EXERCISE: Go from the first line below to the one with "BWV1067/2『ロンドー』バッハの再生済みの波形" and print each line exactly.

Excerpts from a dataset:
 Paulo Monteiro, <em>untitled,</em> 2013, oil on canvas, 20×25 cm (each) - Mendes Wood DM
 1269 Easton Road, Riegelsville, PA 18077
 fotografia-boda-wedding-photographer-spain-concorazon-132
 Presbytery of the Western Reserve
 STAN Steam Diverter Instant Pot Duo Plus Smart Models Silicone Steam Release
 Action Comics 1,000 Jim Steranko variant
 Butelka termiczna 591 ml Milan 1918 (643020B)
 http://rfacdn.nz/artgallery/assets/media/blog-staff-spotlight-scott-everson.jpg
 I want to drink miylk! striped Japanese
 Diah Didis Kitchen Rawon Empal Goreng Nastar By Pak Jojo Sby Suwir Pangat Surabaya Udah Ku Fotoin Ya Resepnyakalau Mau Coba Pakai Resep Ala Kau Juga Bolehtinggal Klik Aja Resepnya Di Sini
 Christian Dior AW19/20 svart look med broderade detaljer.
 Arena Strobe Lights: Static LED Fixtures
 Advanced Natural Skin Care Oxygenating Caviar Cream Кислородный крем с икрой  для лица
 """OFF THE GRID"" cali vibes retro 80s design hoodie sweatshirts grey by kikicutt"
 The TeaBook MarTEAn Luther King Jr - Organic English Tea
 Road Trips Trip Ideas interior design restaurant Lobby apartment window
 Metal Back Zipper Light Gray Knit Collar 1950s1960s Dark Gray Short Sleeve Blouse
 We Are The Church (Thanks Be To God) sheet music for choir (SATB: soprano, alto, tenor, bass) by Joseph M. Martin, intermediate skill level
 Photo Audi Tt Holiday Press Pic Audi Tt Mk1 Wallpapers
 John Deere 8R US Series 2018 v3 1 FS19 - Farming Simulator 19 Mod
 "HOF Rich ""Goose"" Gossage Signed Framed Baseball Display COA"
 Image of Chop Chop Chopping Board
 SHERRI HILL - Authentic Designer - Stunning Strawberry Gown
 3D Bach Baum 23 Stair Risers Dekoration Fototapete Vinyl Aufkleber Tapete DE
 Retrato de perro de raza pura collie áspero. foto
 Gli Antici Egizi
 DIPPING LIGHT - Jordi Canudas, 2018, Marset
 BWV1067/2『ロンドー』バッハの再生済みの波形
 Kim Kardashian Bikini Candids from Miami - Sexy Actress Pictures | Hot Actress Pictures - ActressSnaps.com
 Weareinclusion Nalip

TASK ANSWER:
 Paulo Monteiro, <em>untitled,</em> 2013, oil on canvas, 20×25 cm (each) - Mendes Wood DM
 1269 Easton Road, Riegelsville, PA 18077
 fotografia-boda-wedding-photographer-spain-concorazon-132
 Presbytery of the Western Reserve
 STAN Steam Diverter Instant Pot Duo Plus Smart Models Silicone Steam Release
 Action Comics 1,000 Jim Steranko variant
 Butelka termiczna 591 ml Milan 1918 (643020B)
 http://rfacdn.nz/artgallery/assets/media/blog-staff-spotlight-scott-everson.jpg
 I want to drink miylk! striped Japanese
 Diah Didis Kitchen Rawon Empal Goreng Nastar By Pak Jojo Sby Suwir Pangat Surabaya Udah Ku Fotoin Ya Resepnyakalau Mau Coba Pakai Resep Ala Kau Juga Bolehtinggal Klik Aja Resepnya Di Sini
 Christian Dior AW19/20 svart look med broderade detaljer.
 Arena Strobe Lights: Static LED Fixtures
 Advanced Natural Skin Care Oxygenating Caviar Cream Кислородный крем с икрой  для лица
 """OFF THE GRID"" cali vibes retro 80s design hoodie sweatshirts grey by kikicutt"
 The TeaBook MarTEAn Luther King Jr - Organic English Tea
 Road Trips Trip Ideas interior design restaurant Lobby apartment window
 Metal Back Zipper Light Gray Knit Collar 1950s1960s Dark Gray Short Sleeve Blouse
 We Are The Church (Thanks Be To God) sheet music for choir (SATB: soprano, alto, tenor, bass) by Joseph M. Martin, intermediate skill level
 Photo Audi Tt Holiday Press Pic Audi Tt Mk1 Wallpapers
 John Deere 8R US Series 2018 v3 1 FS19 - Farming Simulator 19 Mod
 "HOF Rich ""Goose"" Gossage Signed Framed Baseball Display COA"
 Image of Chop Chop Chopping Board
 SHERRI HILL - Authentic Designer - Stunning Strawberry Gown
 3D Bach Baum 23 Stair Risers Dekoration Fototapete Vinyl Aufkleber Tapete DE
 Retrato de perro de raza pura collie áspero. foto
 Gli Antici Egizi
 DIPPING LIGHT - Jordi Canudas, 2018, Marset
 BWV1067/2『ロンドー』バッハの再生済みの波形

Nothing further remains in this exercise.